The so-called trigonometric identities are a useful set of equations that often allow one to make substitutions in an expression containing trigonometric functions, in order to simplify the expression or to put it in a more useful form. Most trig identities are actually quite easy to derive algebraically from their definitions, and every student of mathematics should derive them all at least once. Thereafter, it will no longer be necessary to memorize them; you will be able to derive them whenever they are needed.

We demonstrate one identity here—a form of the Pythagorean identity—to help you get started.

\[ \begin{eqnarray*} \sin^2 \varphi + \cos^2 \varphi& = & 1 \\ & & \\ & & \\ \left(\frac{\mbox{opp}}{\mbox{rad}}\right)^2 + \left(\frac{\mbox{adj}}{\mbox{rad}}\right)^2 & = & 1 \\ & & \\ & & \\ \frac{\mbox{opp}^2}{\mbox{rad}^2} + \frac{\mbox{adj}^2}{\mbox{rad}^2} & = & 1 \\ & & \\ & & \\ \mbox{opp}^2 + \mbox{adj}^2 & = & \mbox{rad}^2 \\ \end{eqnarray*} \]
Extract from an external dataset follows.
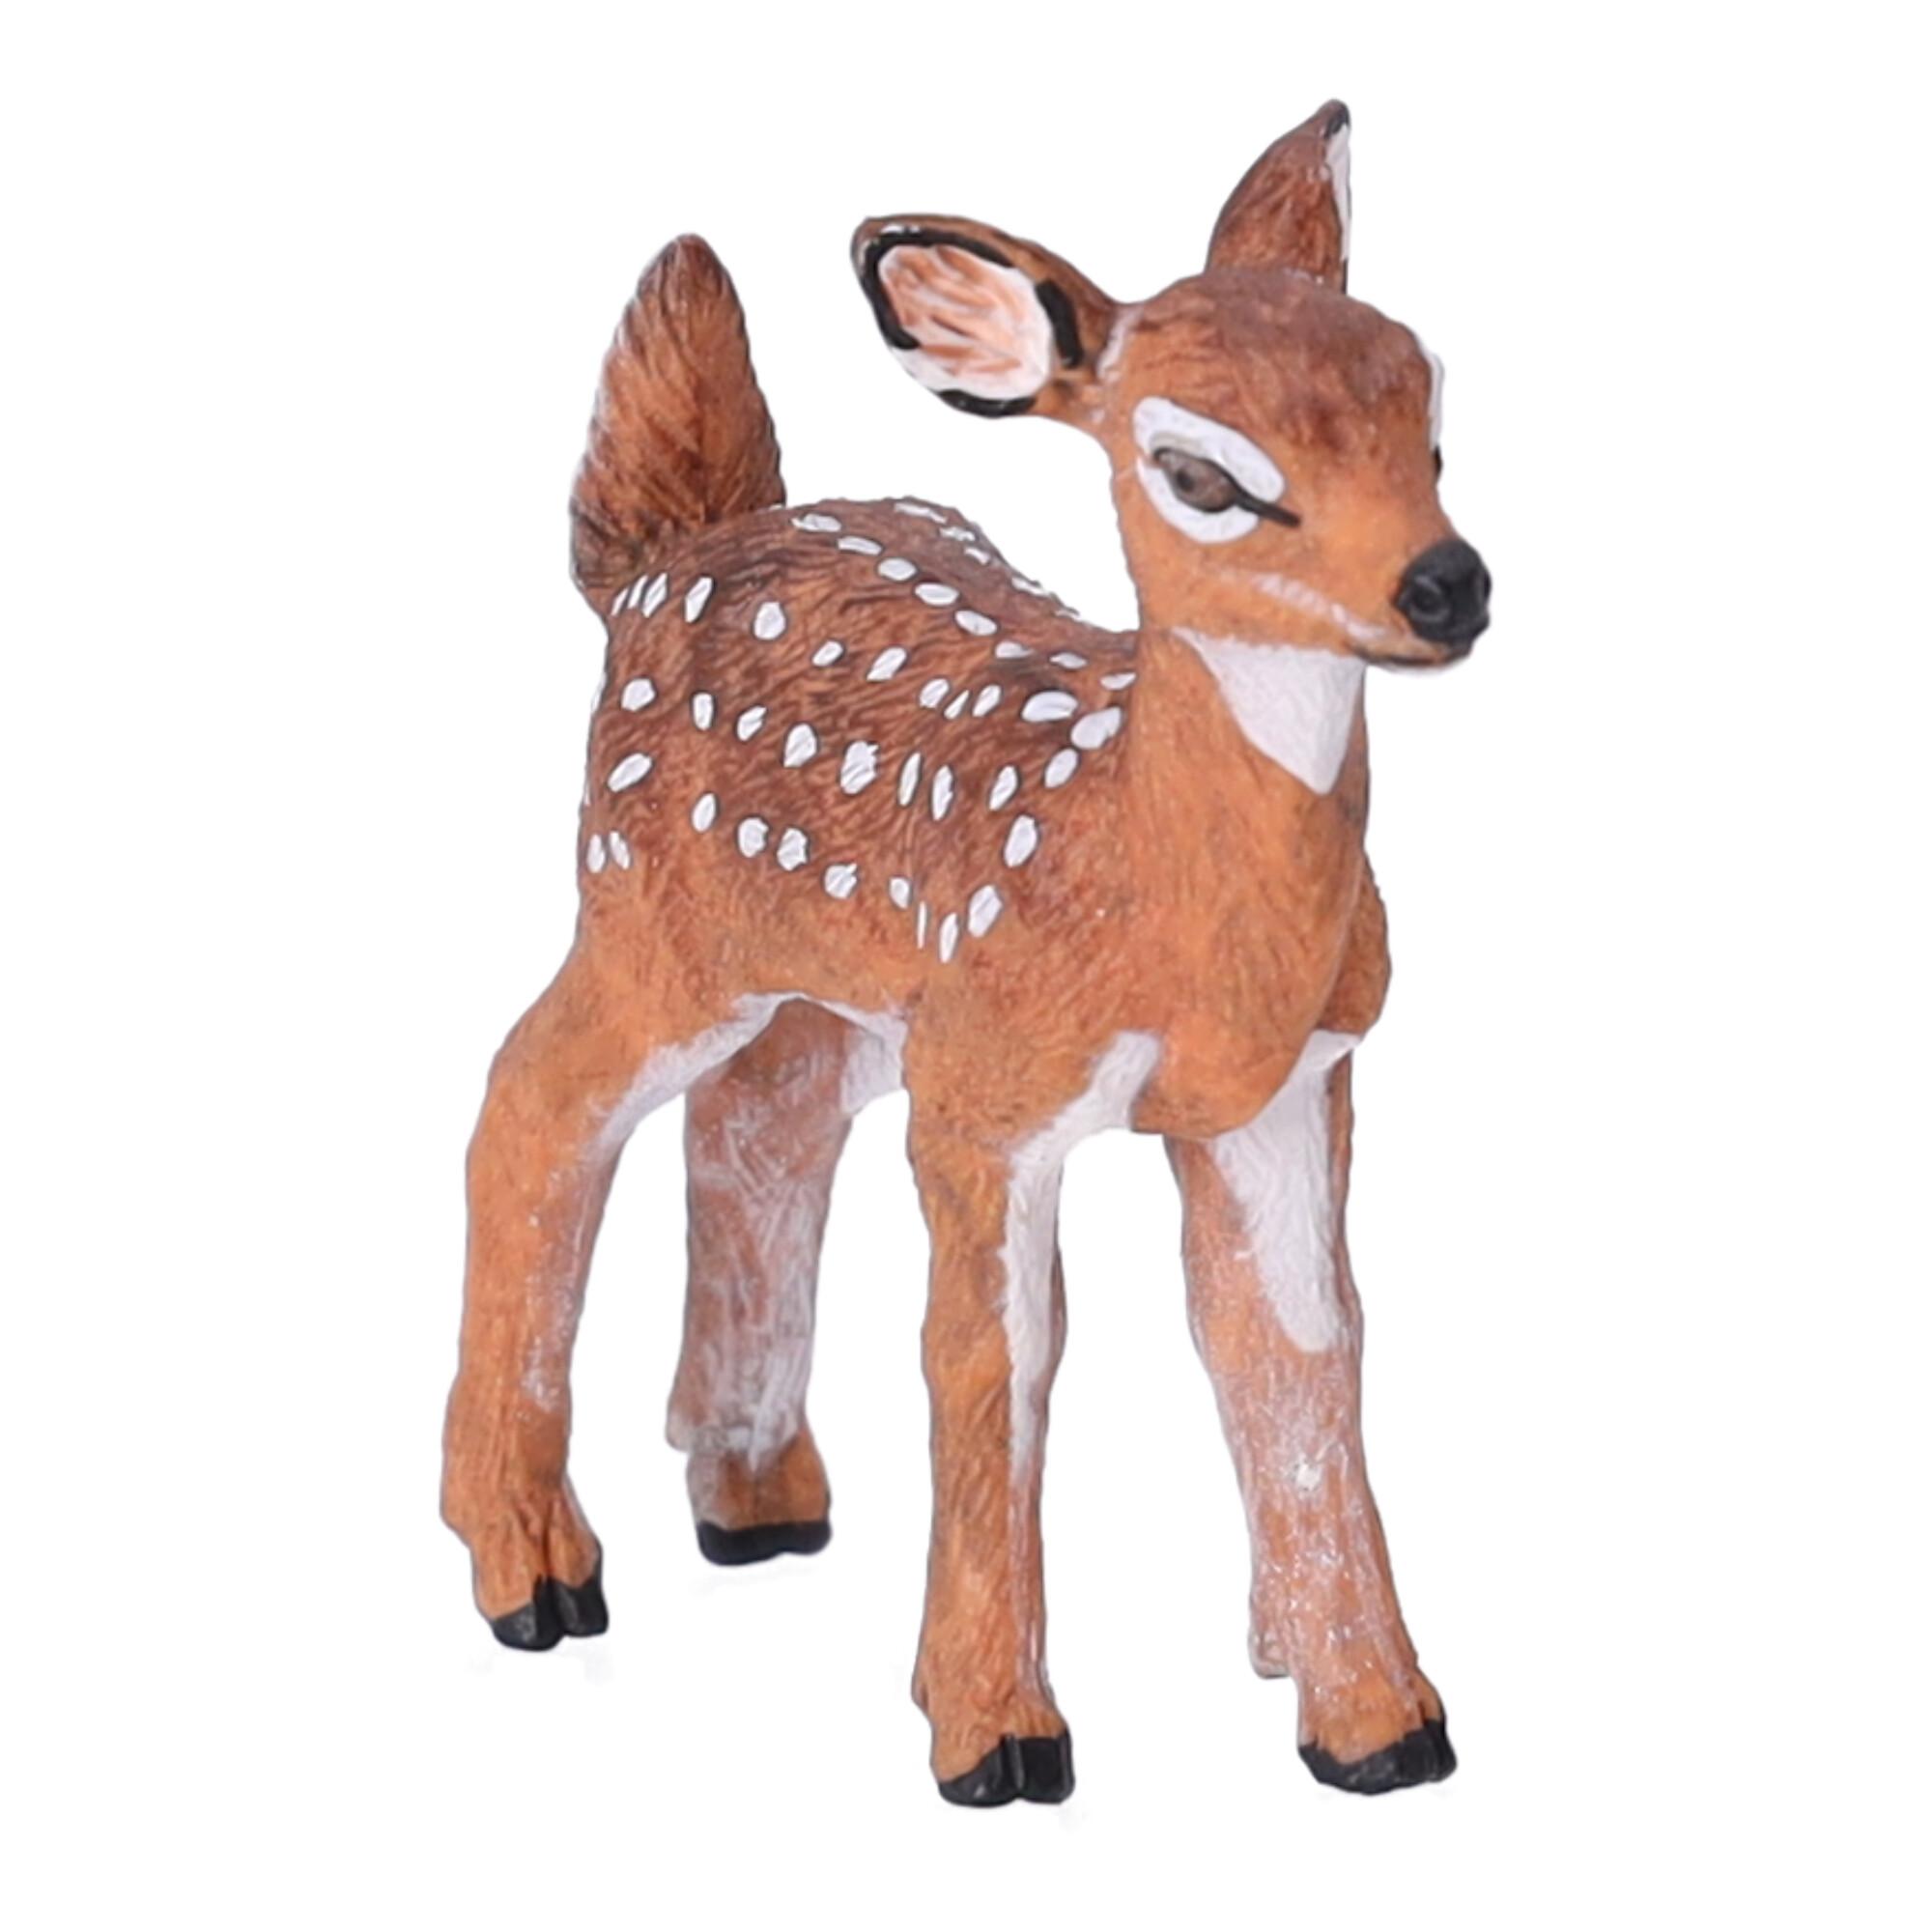 Collectible figurine Deer, Papo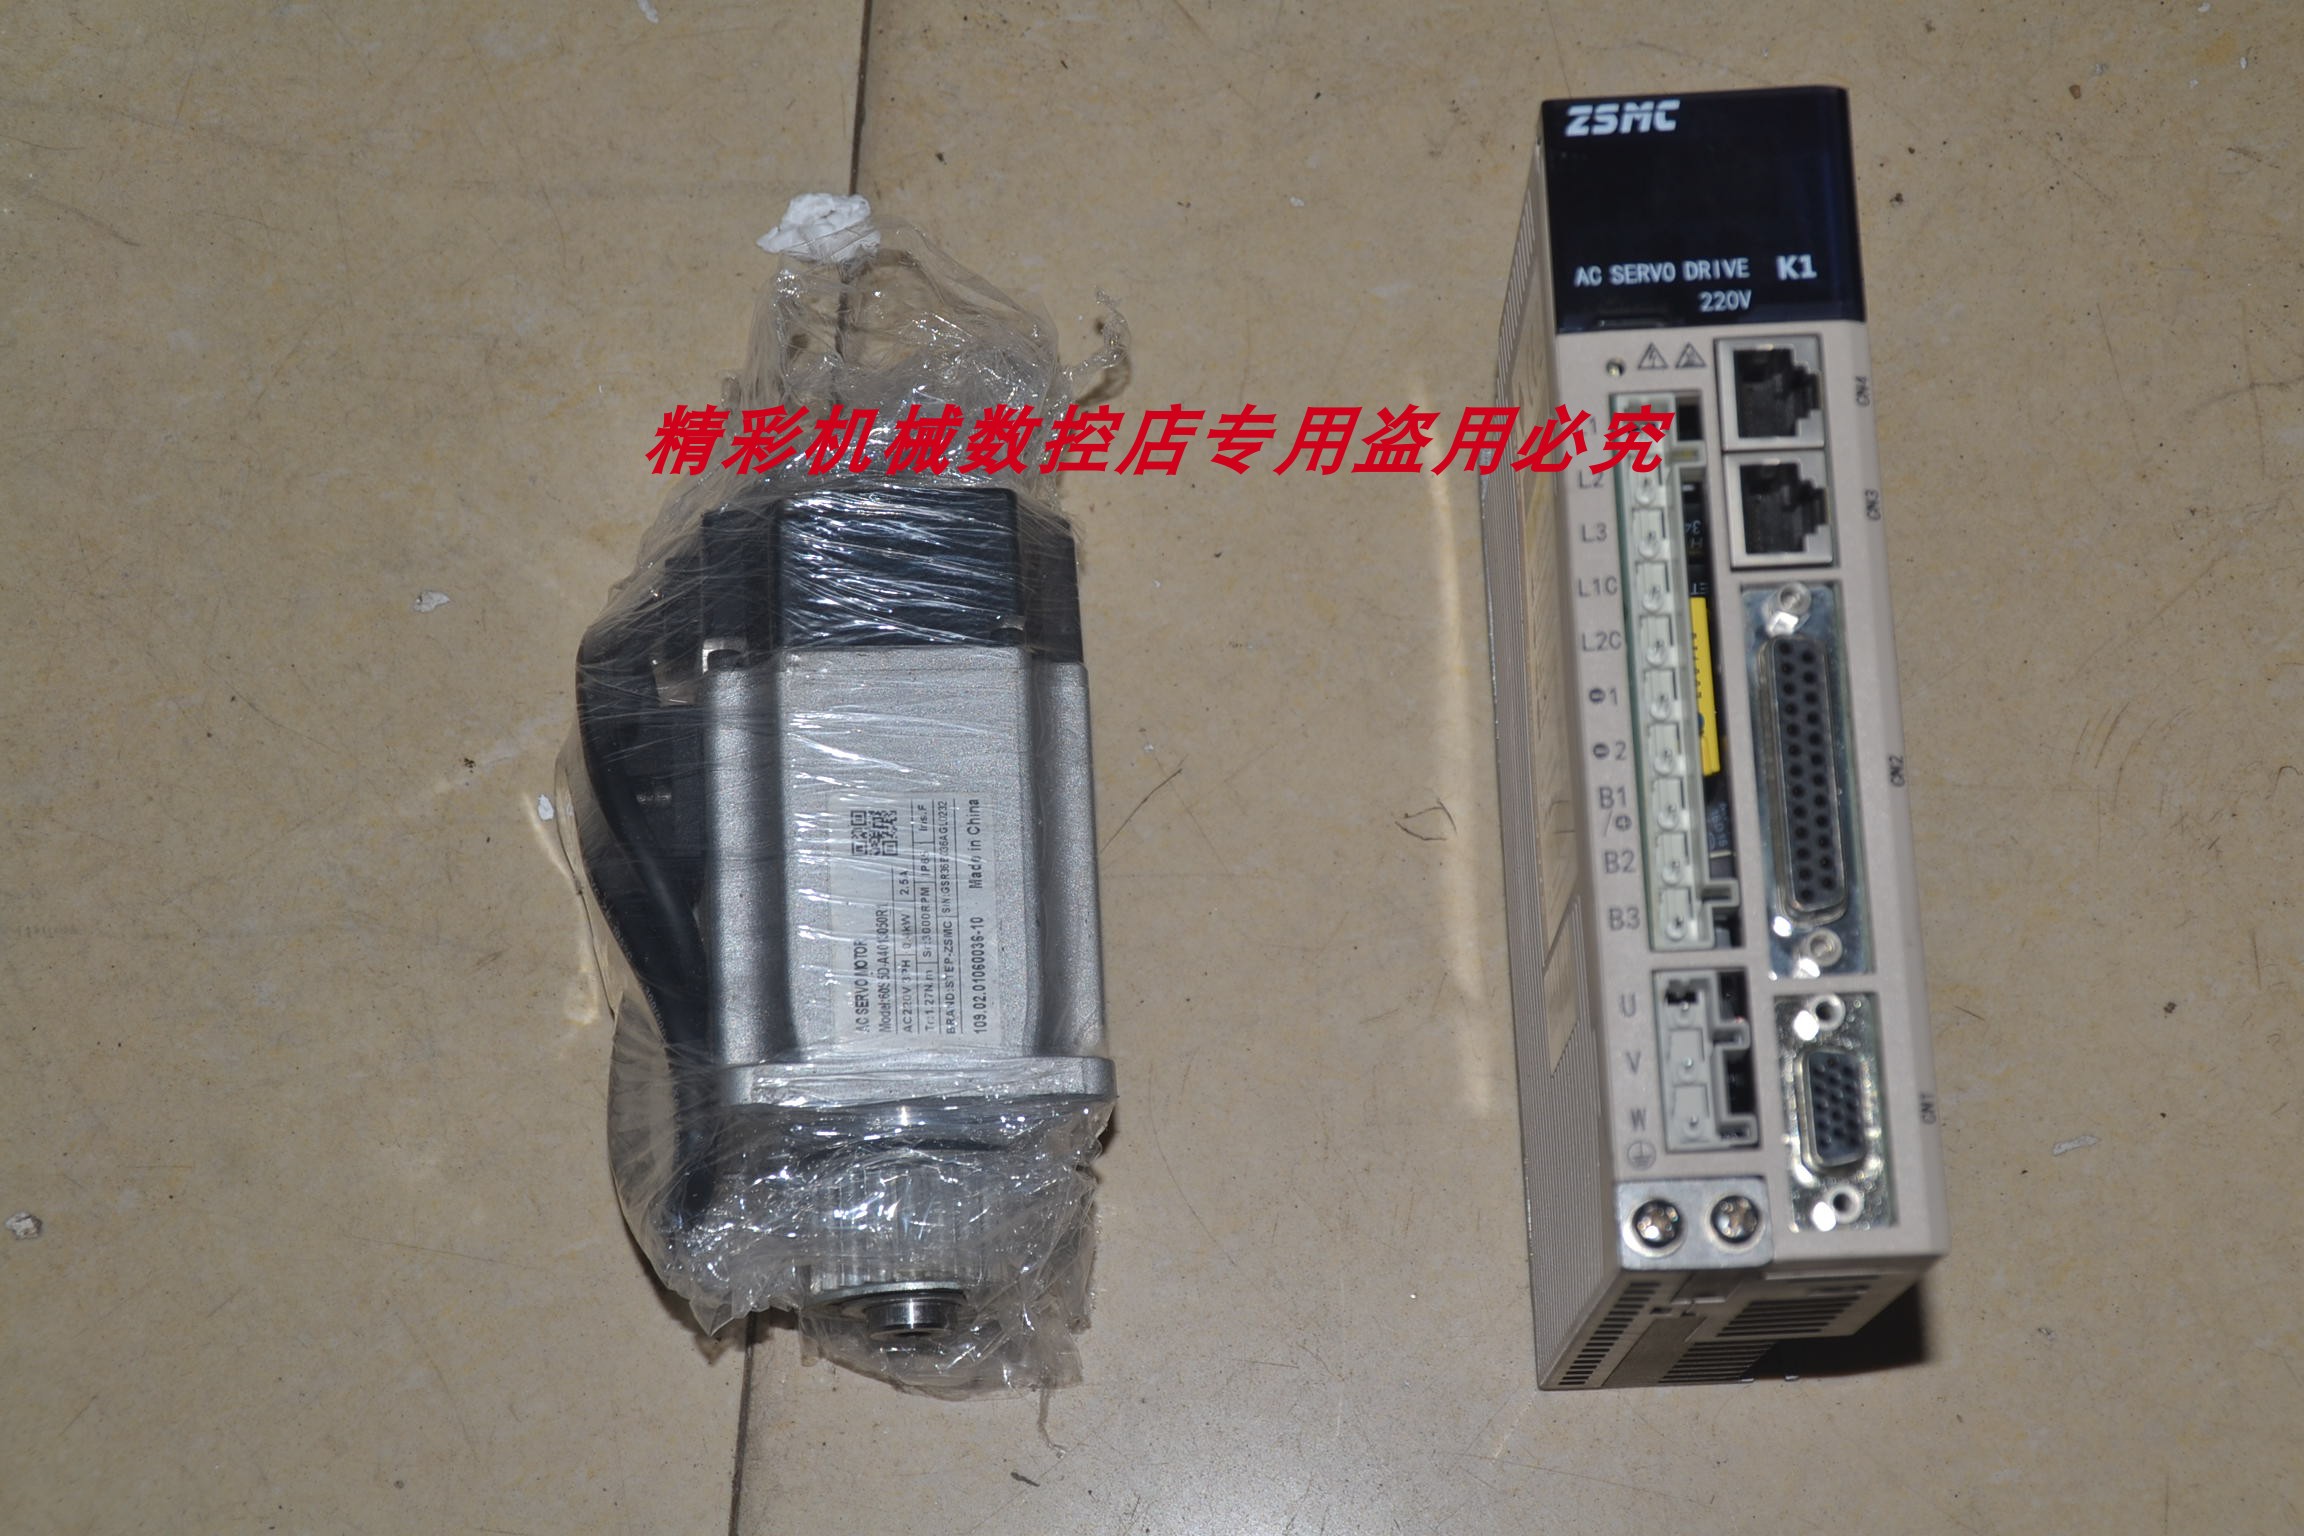 # ZSMC ZSD-K1AS04AB 60S5D-A4013050R1 400W伺服驱动器。。。。

…and the last equation follows from the Pythagorean Theorem. The proofs of the other identities listed below are similar. These identities are also available, together with other valuable trig stuff, on a downloadable Trig Reference Sheet.

Pythagorean Identities

\[\begin{eqnarray*} \sin^2 \varphi + \cos^2 \varphi& = & 1 \\ & & \\ & & \\ 1 + \tan^2 \varphi & = & \sec^2 \varphi \\ & & \\ & & \\ 1 + \cot^2 \varphi & = & \csc^2 \varphi \\ \end{eqnarray*} \]

Cofunction Identities

\[ \begin{eqnarray*} \sin\left(\frac{\pi}{2} - \varphi\right) & = & \cos \varphi \\ & & \\ & & \\ \csc\left(\frac{\pi}{2} - \varphi\right) & = & \sec \varphi \\ & & \\ & & \\ \sec\left(\frac{\pi}{2} - \varphi\right) & = & \csc \varphi \\ & & \\ & & \\ \cos\left(\frac{\pi}{2} - \varphi\right) & = & \sin \varphi \\ & & \\ & & \\ \tan\left(\frac{\pi}{2} - \varphi\right) & = & \cot \varphi \\ & & \\ & & \\ \cot\left(\frac{\pi}{2} - \varphi\right) & = & \tan \varphi \\ \end{eqnarray*} \]

Reduction Formulas

\[ \begin{eqnarray*} \sin( - \varphi ) & = & -\sin \varphi \\ & & \\ & & \\ \csc( - \varphi ) & = & -\csc \varphi \\ & & \\ & & \\ \sec( - \varphi ) & = & \sec \varphi \\ & & \\ & & \\ \cos( - \varphi ) & = & \cos \varphi \\ & & \\ & & \\ \tan( - \varphi ) & = & -\tan \varphi \\ & & \\ & & \\ \cot( - \varphi ) & = & -\cot \varphi \\ \end{eqnarray*} \]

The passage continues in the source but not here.